By the time Naomi Jackson, a 34-year-old writer from Brooklyn, began studying at the Iowa Writer’s Workshop in 2011, she’d already made significant headway on the novel that eventually became The Star Side of Bird Hill (Penguin Press). But she shied away from sharing it with her fellow students in workshops. “It was pretty personal. It was my baby,” she says.
The Star Side of Bird Hill centers on two young sisters, Phaedra and Dionne, who, in the summer of 1989, leave behind their native Brooklyn to live with their grandmother in Barbados. Jackson, whose parents are from the West Indies, drew on her memories of visiting Barbados and Antigua as a child. “I definitely experienced that cultural dissonance where you think that you’re really Caribbean, and then you actually go home to the Caribbean, and people think you’re very American. I wanted to work with that discomfort,” she says.
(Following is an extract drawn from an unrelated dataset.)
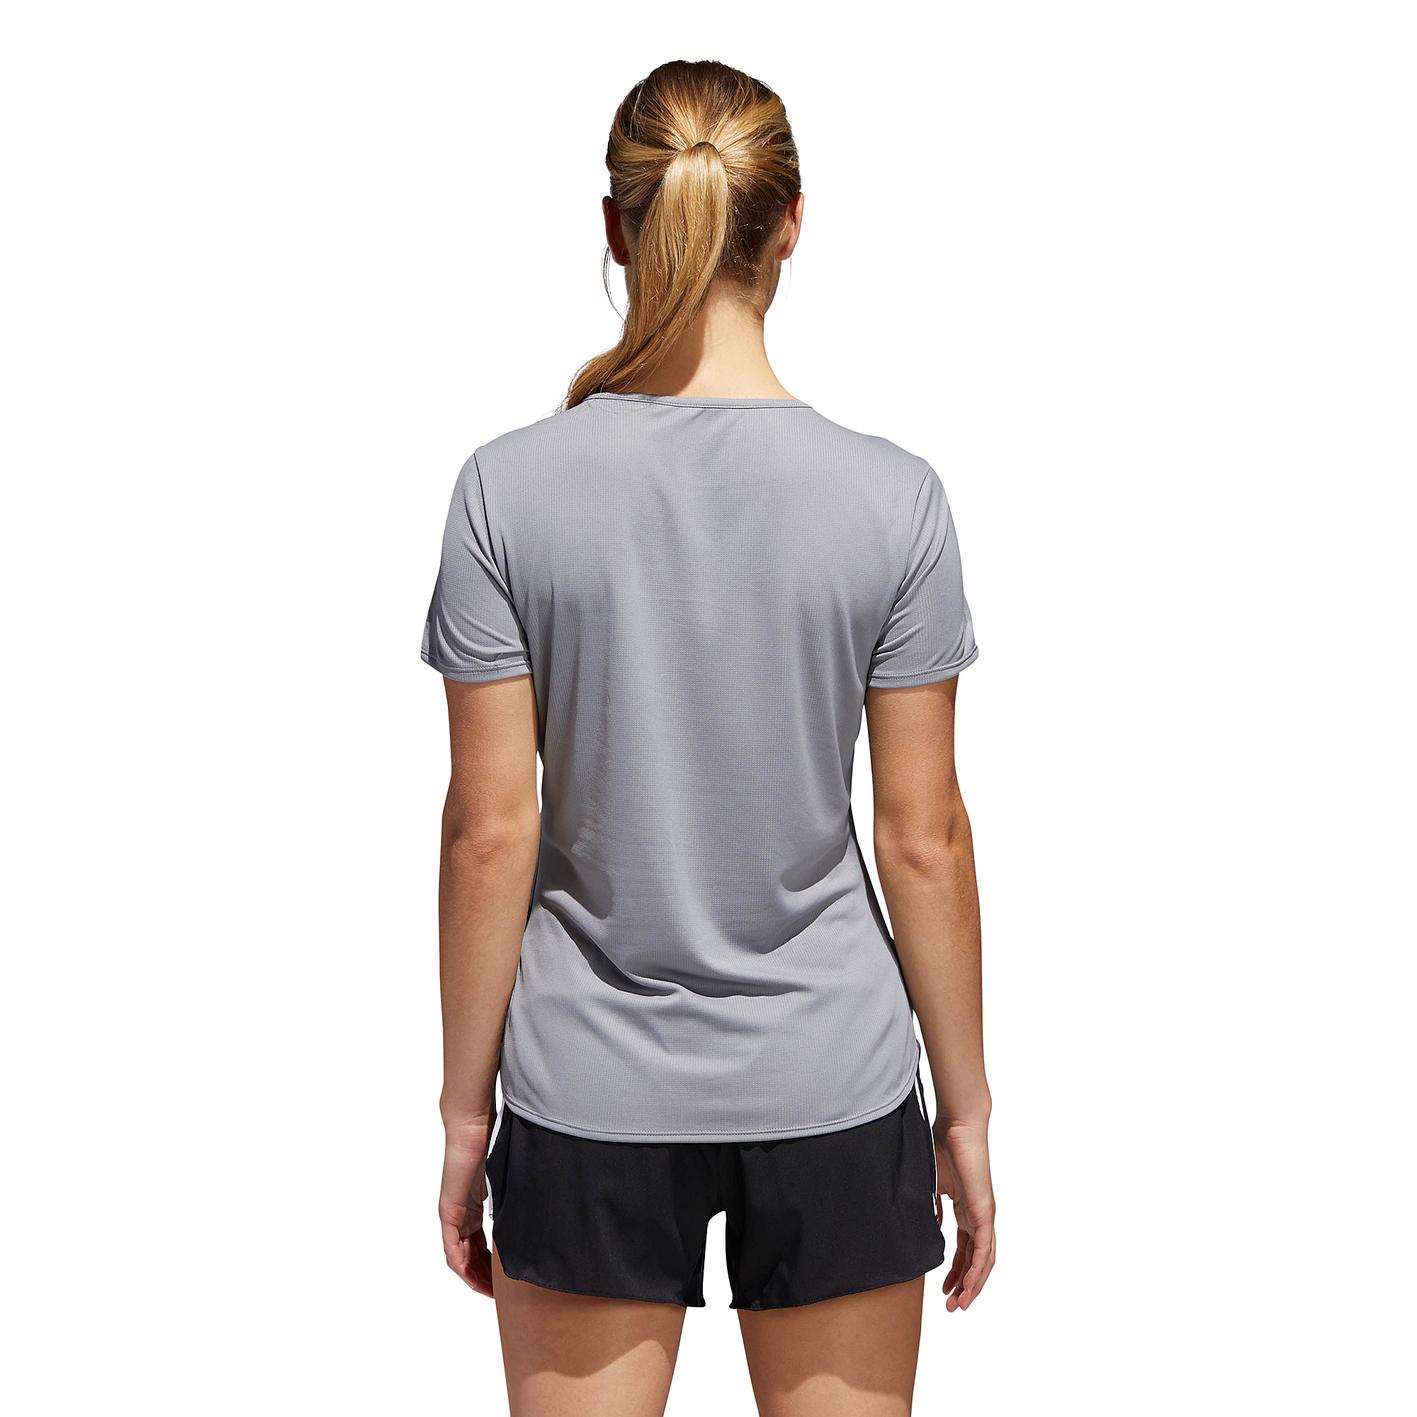 9d36150c317 adidas Response Short Sleeve T-Shirt - Women's - Running - Clothing ...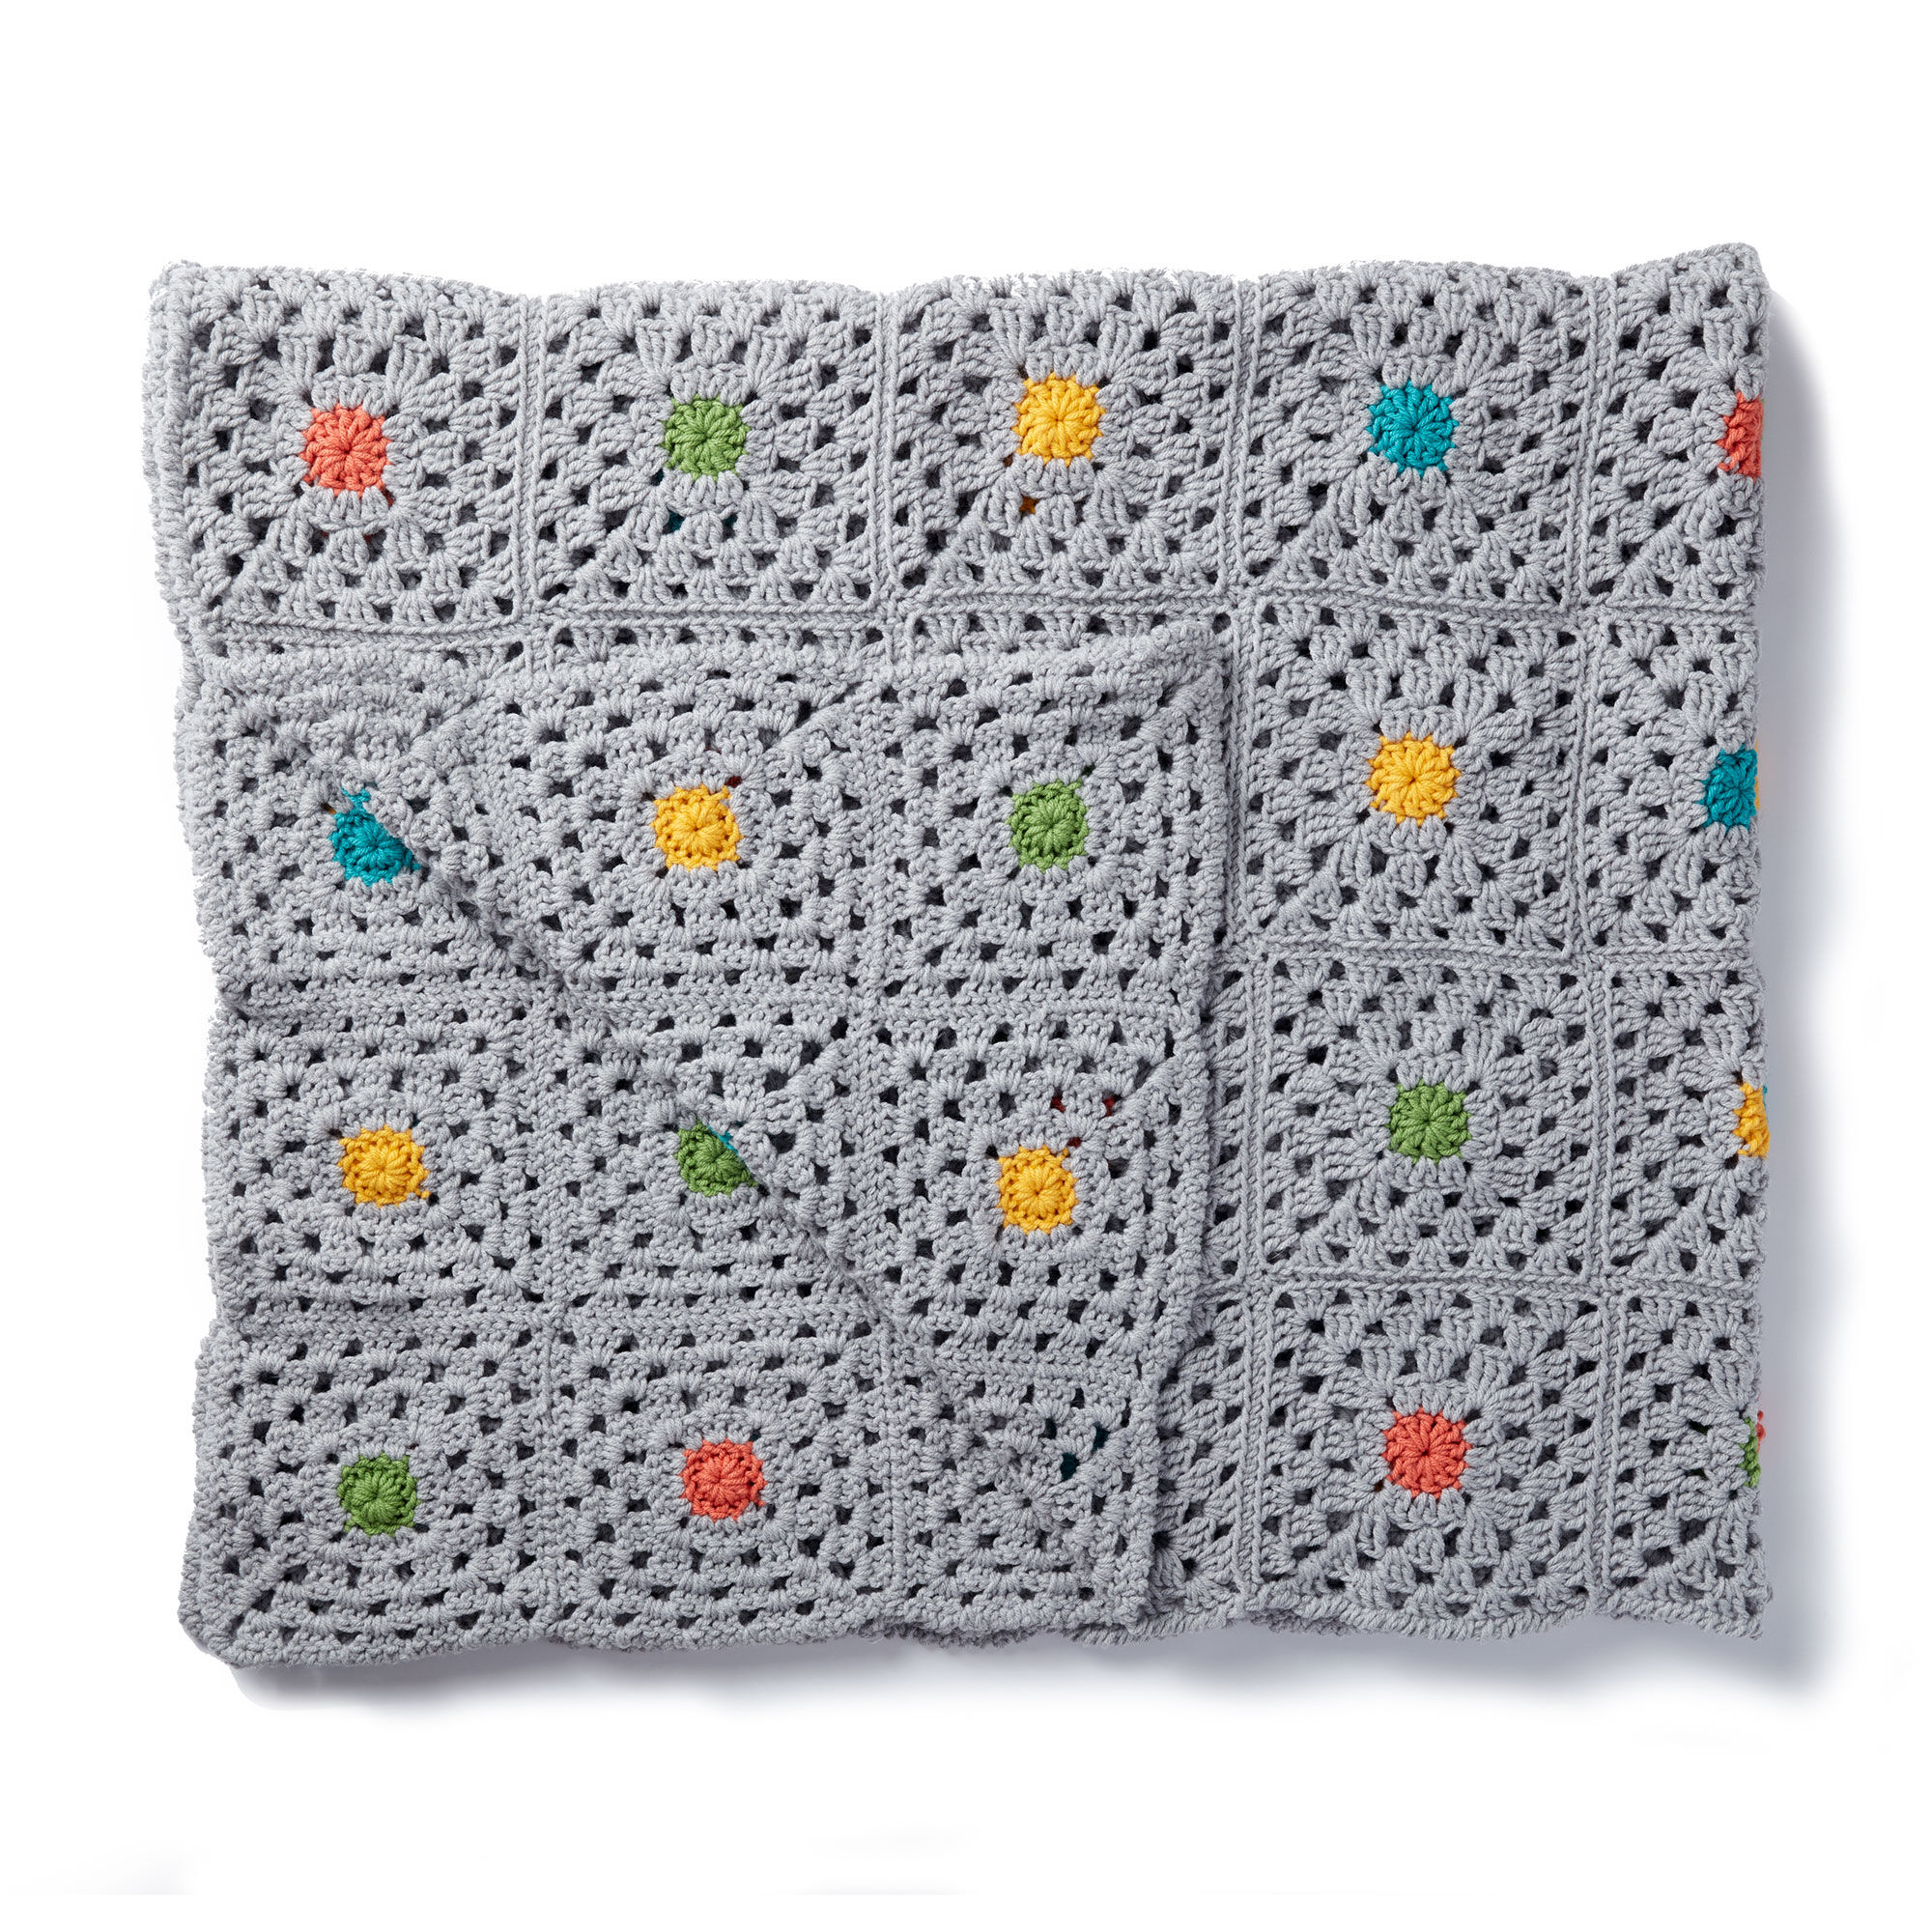 Caron Pin Point Crochet Blanket | Yarnspirations

Even though she kept the book largely under wraps while at Iowa, Jackson worked hard to complete a first draft. In the summer of 2012, she traveled to Barbados to reexperience the island as a writer. While there, she spent time with a filmmaker friend who was scouting for shooting locations. “That was my best education when I was there,” Jackson says. “Just driving around Barbados a lot, spending time with people.”
The summer on the island proved fruitful. In the fall of 2012, Jackson sent a draft of the novel to Julia Masnik, her agent. The book was acquired by Penguin Press the next spring, just days after Jackson’s graduation from Iowa. Ginny Smith Younce, Jackson’s editor at Penguin Press, says she was “taken with the amazing authenticity of this place [Jackson] had created.”
Jackson, who will be returning to Barbados to launch The Star Side of Bird Hill later this year, says she’s gone from thinking of the island as a place where she “might spend some vacations” to thinking of it as a place where “I make art and connect with other artists. I think writing this book really helped me complete that transition, from child to adult creative person.”